For a shorthaired breed, you will be amazed at how much Dalmatians shed. They shed year round, but also have regular periods during the Spring and Autumn where they shed more frequently. You can curb this as best as possible (but not prevent it) by regularly grooming your puppy. When he is still young, a medium to hard bristled brush will suffice, as Dalmatians do also have quite sensitive skin. It is as a result of this that it is advised to not frequently bathe your puppy. Dalmatians are perfectly adept at cleaning themselves, and unless heavy soiling has occurred—puppies love a muddy puddle!—a bath will not be necessary.

It is recommended that you worm your puppy. Your breeder should already have started your puppy on a worming programme, and you should ask them which brand of dewormer they have chosen. Most will require re-administering every three months. You may also choose to apply a flea and tick treatment. Again, these are usually good for three months, and can be purchased from your local pet store.

Feeding

It is important that you choose a brand of dog food that is low in protein. The recommended level of animal protein in your puppy’s food should be between 20 and 30 per cent. The reason for this is that Dalmatians are prone to the formation of urinary stones. It is a genetic predisposition to form stones, so be sure you buy your Dalmatian from a reputable breeder, and that both sire and dam have a clear history from stone-forming. If your puppy does have a genetic predisposition to form stones, you need to be extremely careful with what you feed him, and always make sure he has access to plenty of fresh, clean water. You must not feed your puppy red meat or organ meat, as these in particular have a very high purine content.

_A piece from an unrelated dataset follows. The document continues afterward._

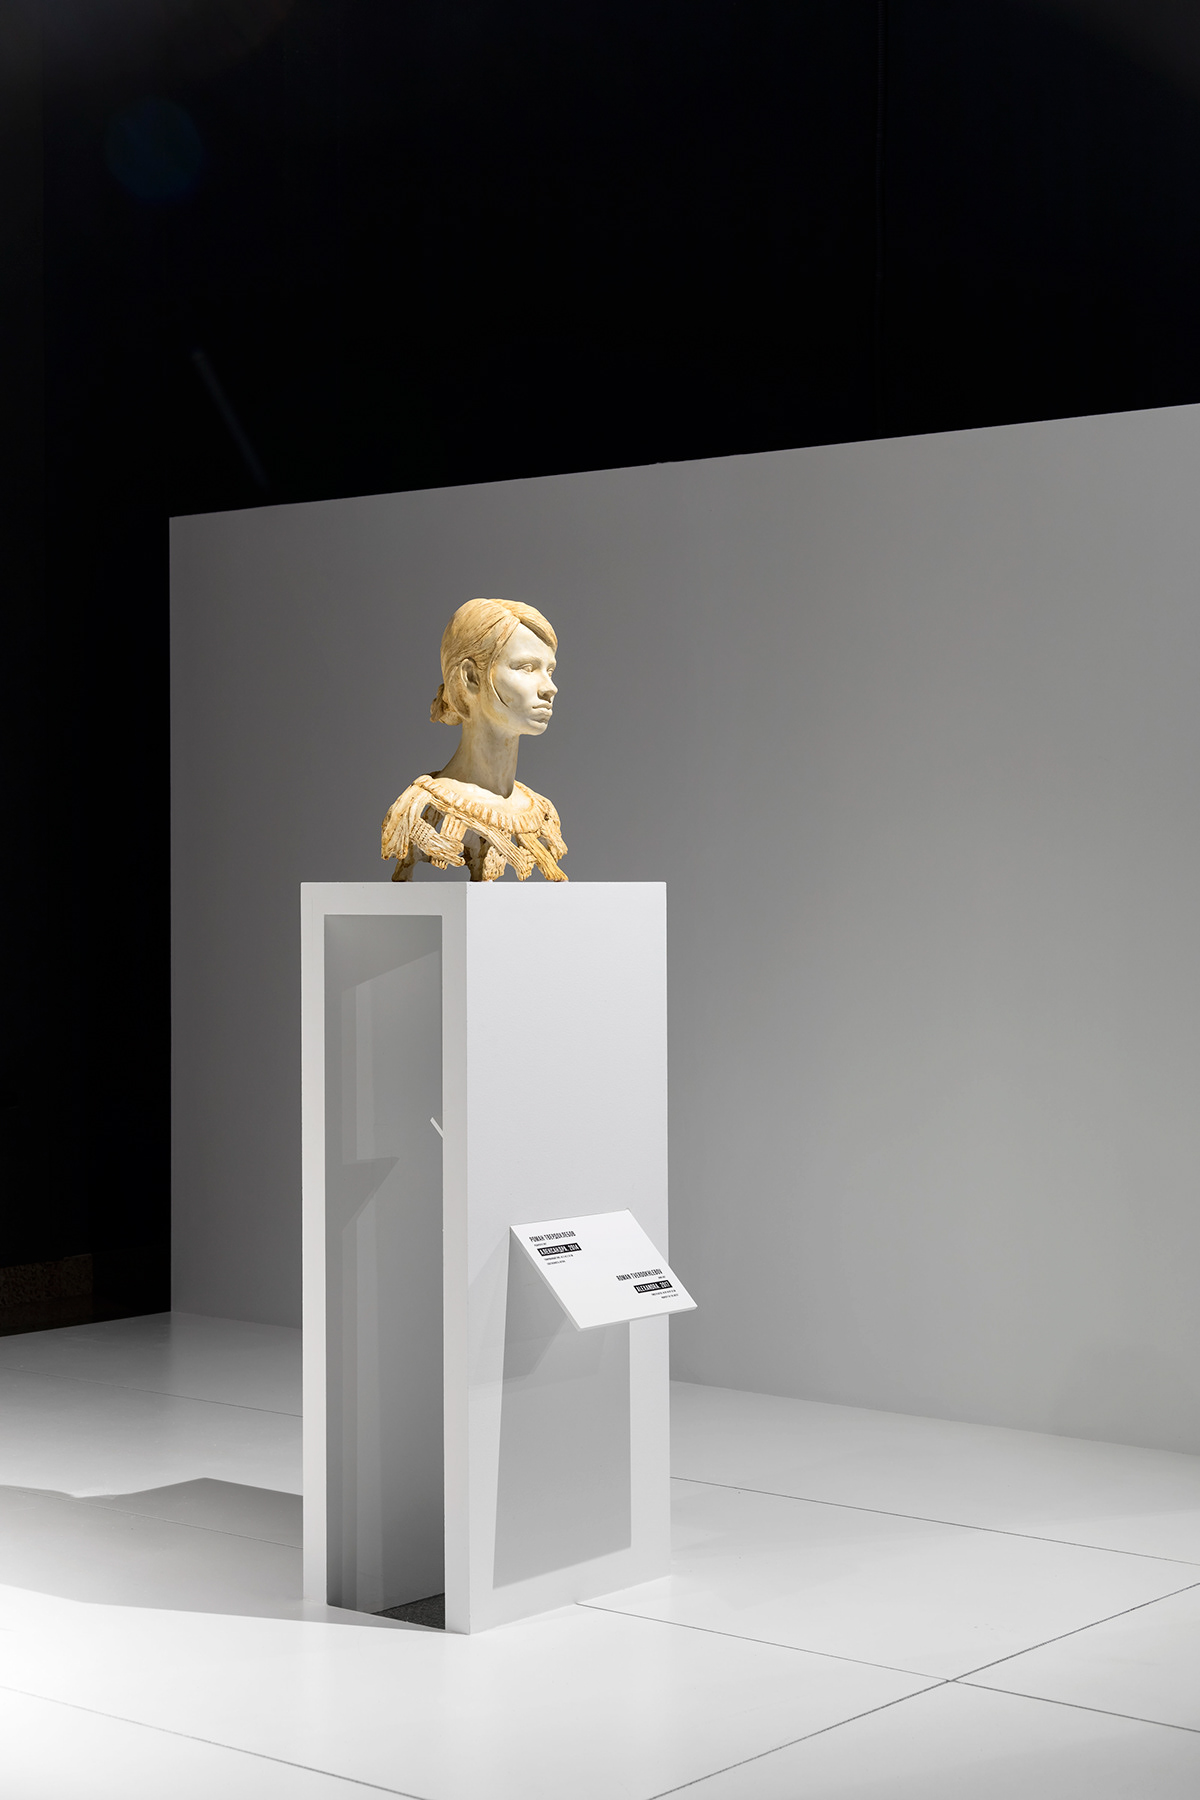 Sculpture portrait in exhibition

When your puppy is still very young, it is recommended that you feed him three times a day. Good feeding times are 7AM, 12PM and 5PM, though his last meal should be no later than 5PM to allow for ample digestion time before bed. When your puppy is about 14-16 weeks of age, meals can be reduced to twice daily. Read the label on the food brand you choose to determine how much food by weight your little pup requires.

House-Training and Exercise

It is best if you take your puppy outside to go to the toilet every hour and a half when you first bring him home. Puppies are usually house-trained by about 16-18 weeks of age, but they will still have the occasional accident. It is important not to scold or shout at your puppy when he has an accident. He won’t understand what he’s done wrong, and it will just encourage him to do it when you aren’t looking for fear of upsetting you. Puppies have little to no control of their bladders, so try and remember this when training. If you are unable to easily and quickly take him outside when you see the tell tale signs, i.e. sniffing and circling, you may provide some puppy pads in a corner on which he can eliminate. This is effectively training him to toilet inside, however, so always take him outside when possible. Puppies usually need to urinate about fifteen minutes after drinking, and about forty-five minutes after eating.

A good schedule to follow once your puppy has been fully vaccinated is to wake him up and take him outside to eliminate at about 6.30AM, feed him at 7AM, followed by a quick walk and playtime, and then put him back in his crate. At 10AM you can let him out again for some more playtime, but then back in his crate, bar toilet breaks, until lunchtime at 12PM. At 1PM take him outside and play with him some more, and do this several times throughout the afternoon until 5PM meal time. He should have a short outdoor walk at about 7PM followed by more play, and ready to go to sleep at about 9PM. Puppies usually will not eliminate in their place of sleep, which is why crate training can be extremely helpful in the toilet training process.

A good rule of thumb for exercise is 10 minutes a day per month of life. So, at 12 weeks when he is fully vaccinated, he should only be walking outside for 30 minutes total. It is recommended that this be divided up into several smaller walks, or your puppy may become sleepy. It is important not to over exercise your puppy as this can negatively impact the development of their little bones and muscles. It won’t be long before your puppy can go on boisterous, long walks and runs with you, but don’t rush things, and remember he is only a baby!